<<<<

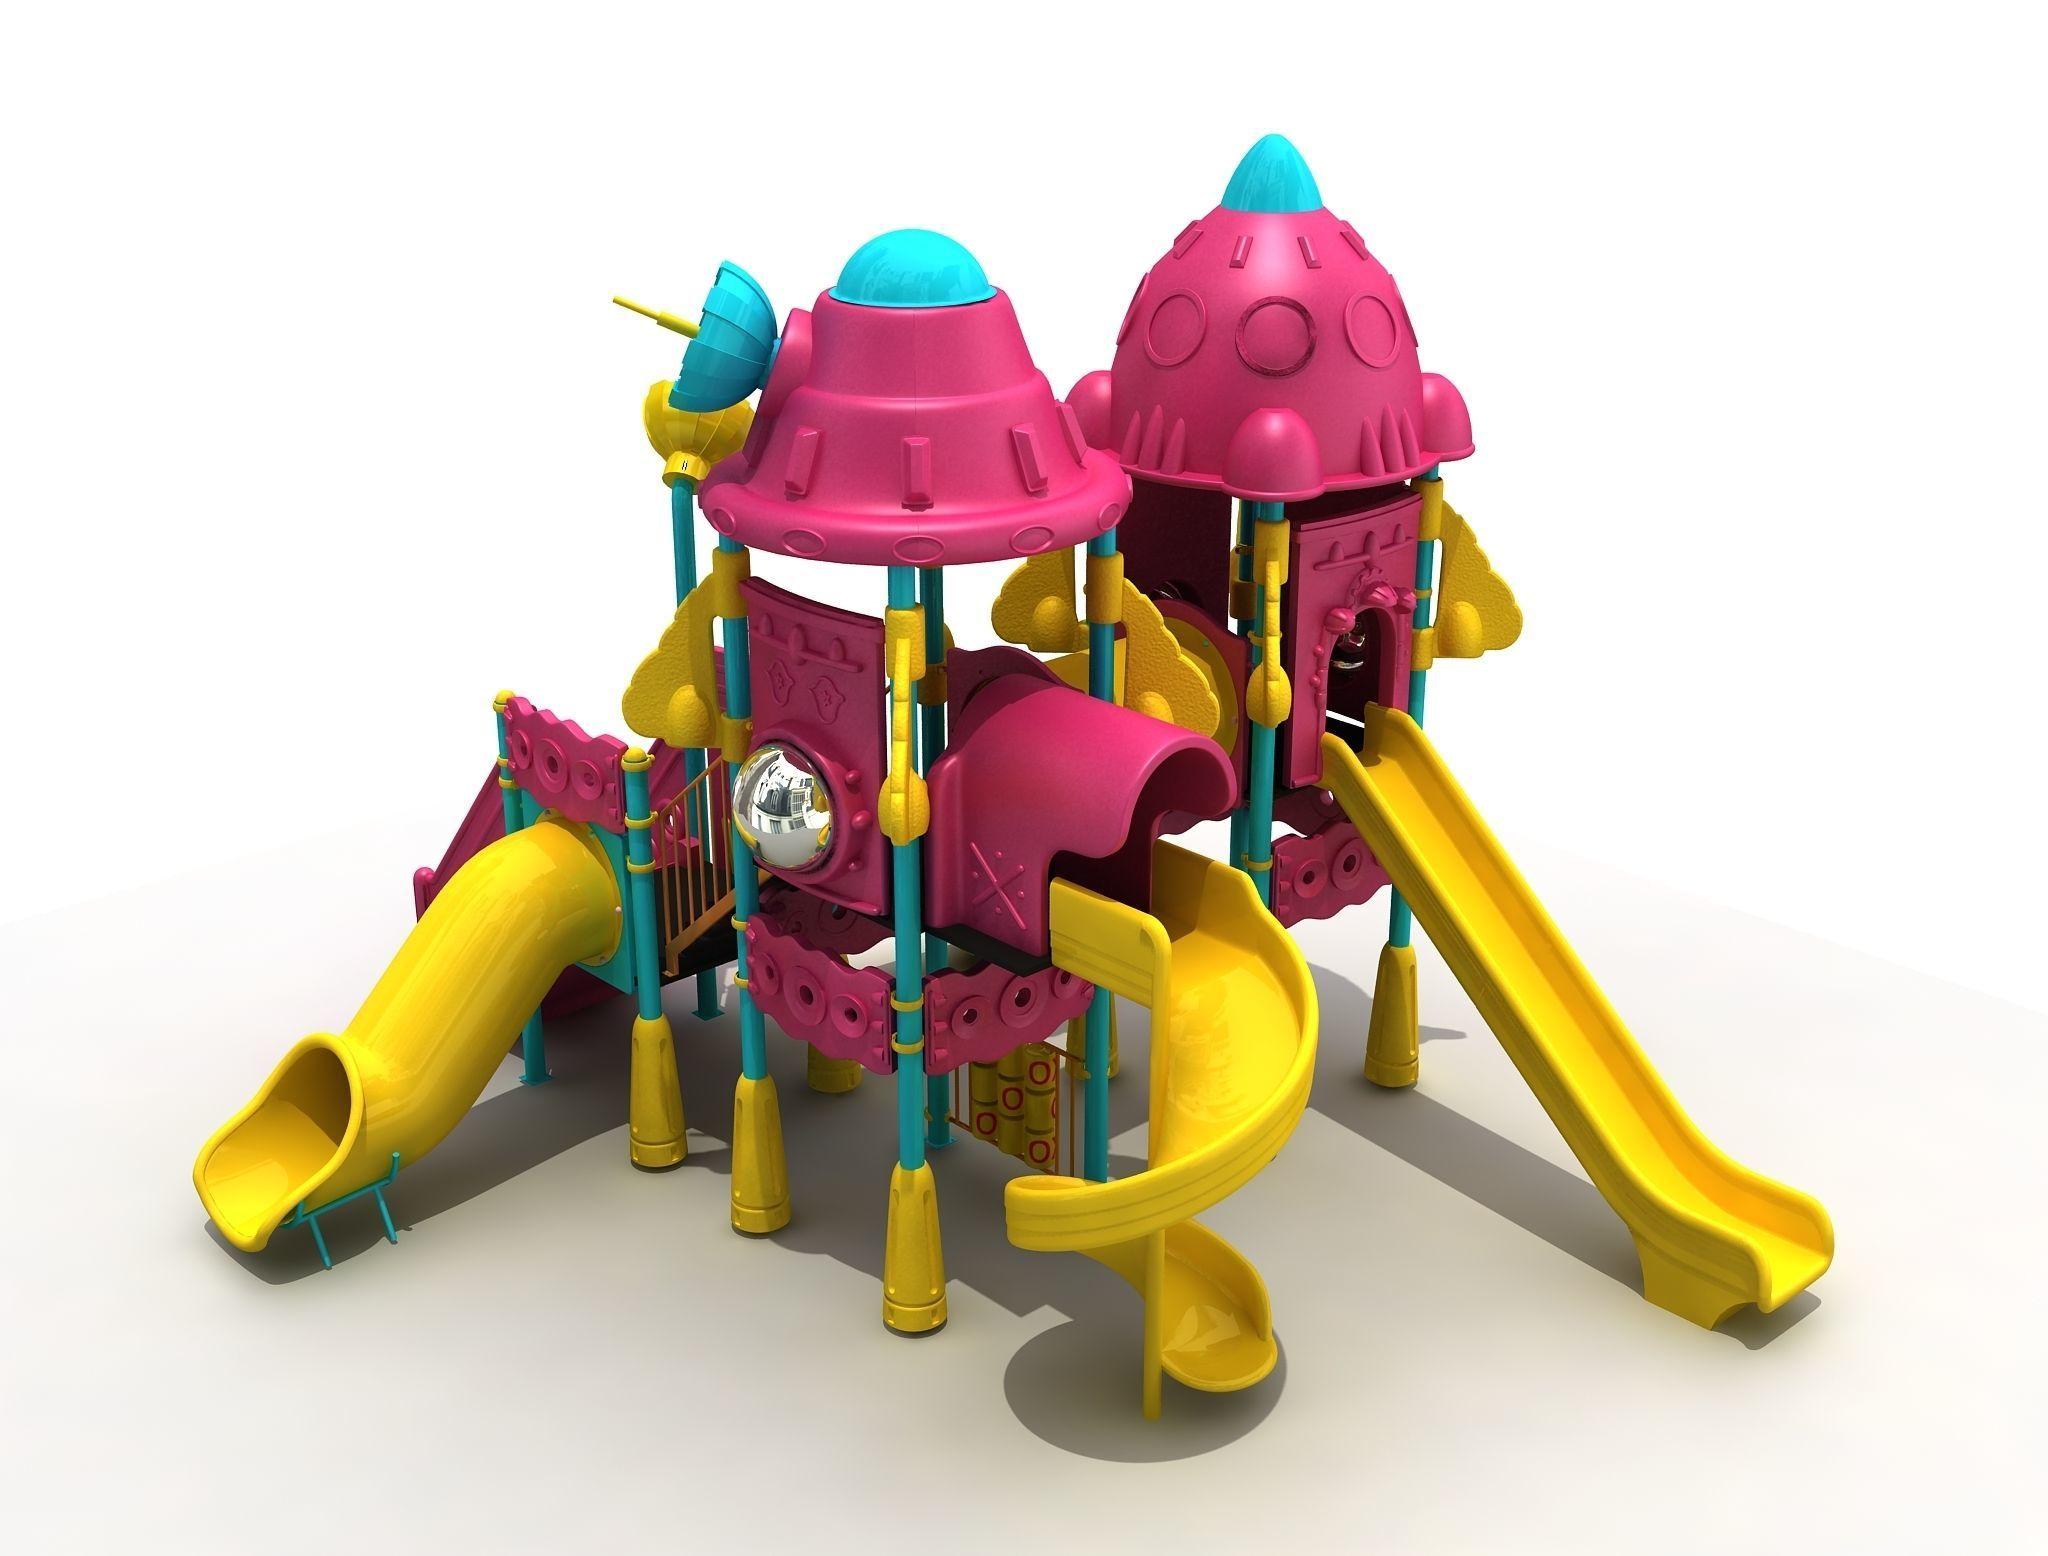 Space Shuttle Kid Playground 58
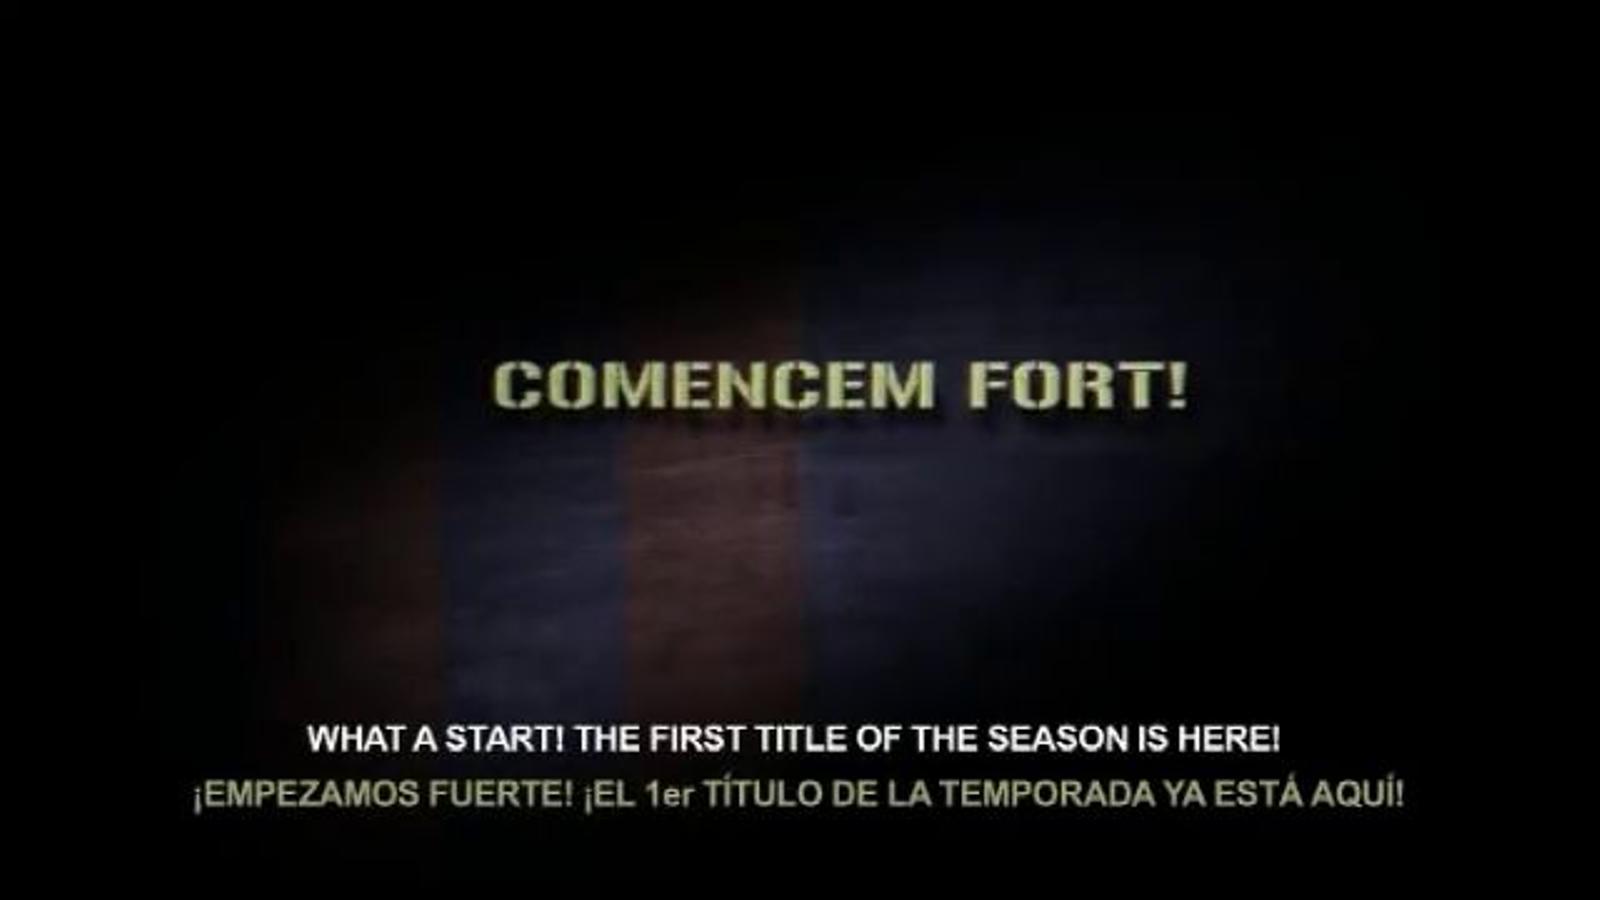 El Barça prepara un vídeo de promoció per la Supercopa
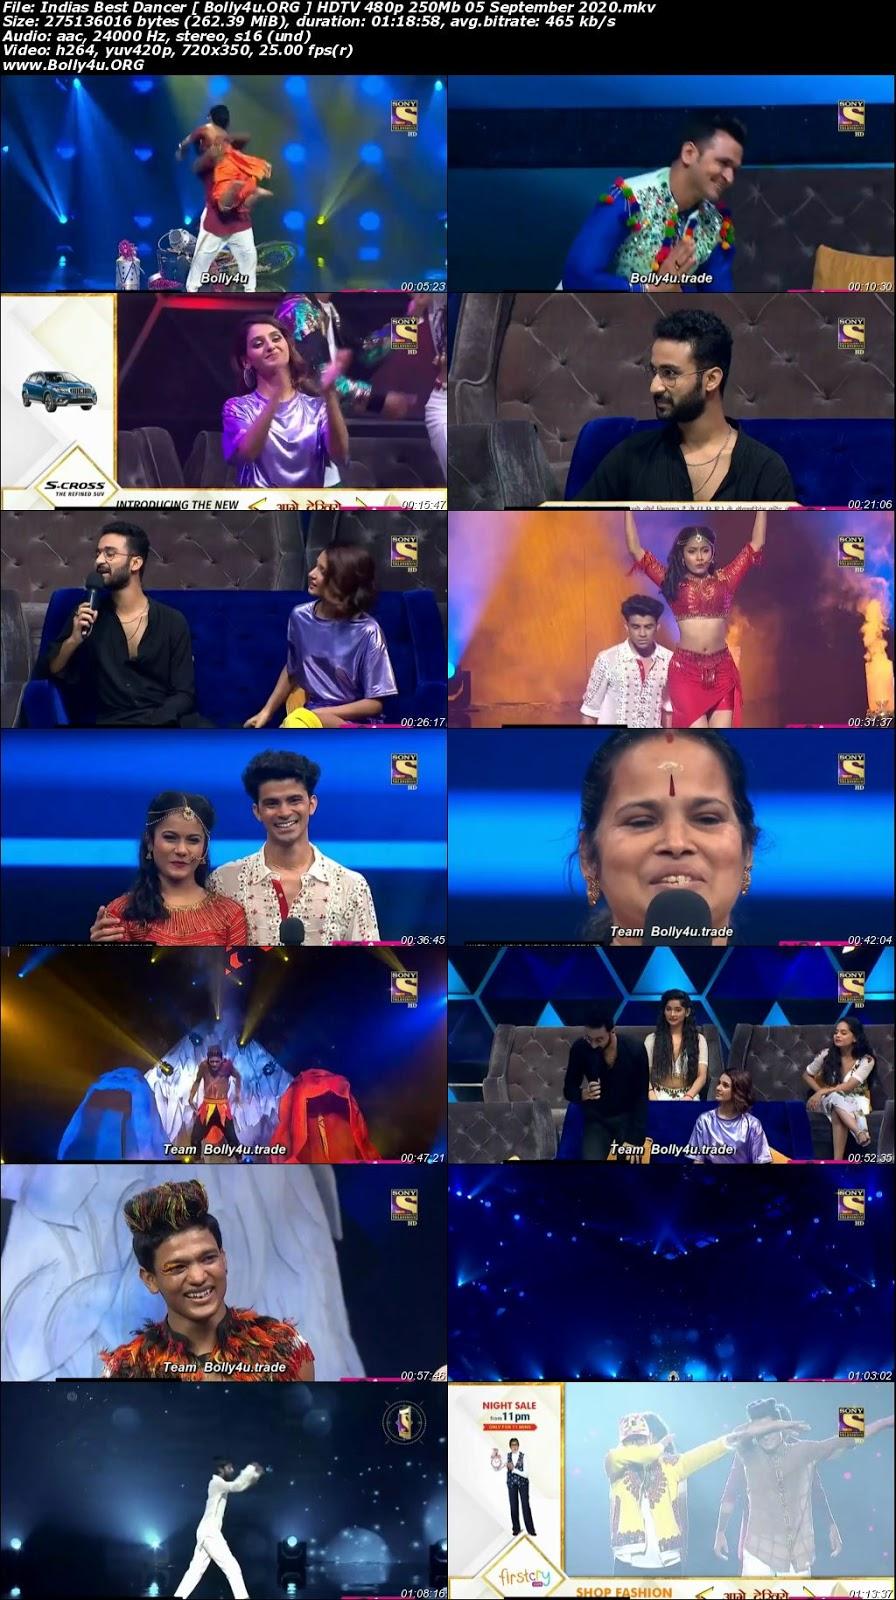 Indias Best Dancer HDTV 480p 250Mb 05 September 2020 Download
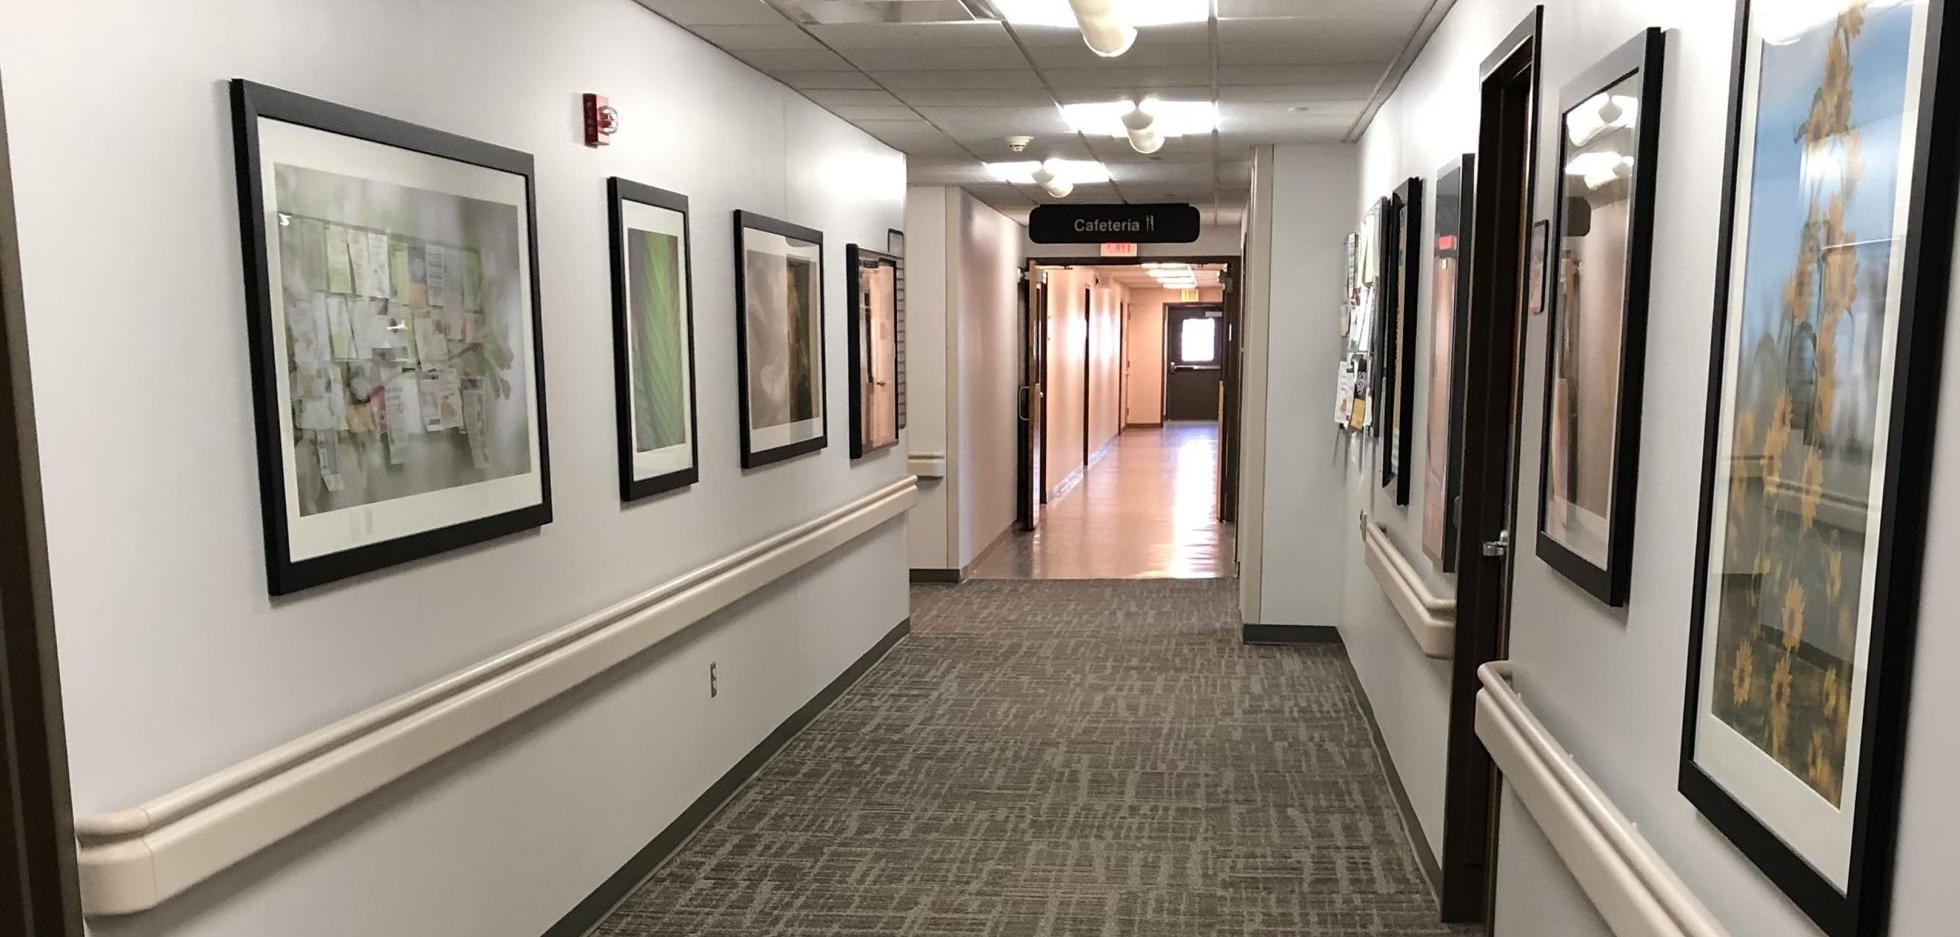 Nemaha County Hospital

>>>>

**Task to complete**
Copy the listing above exactly, minus the pictures.

**Result below**
 Space Shuttle Kid Playground 58
 El Barça prepara un vídeo de promoció per la Supercopa
 Indias Best Dancer HDTV 480p 250Mb 05 September 2020 Download
 Nemaha County Hospital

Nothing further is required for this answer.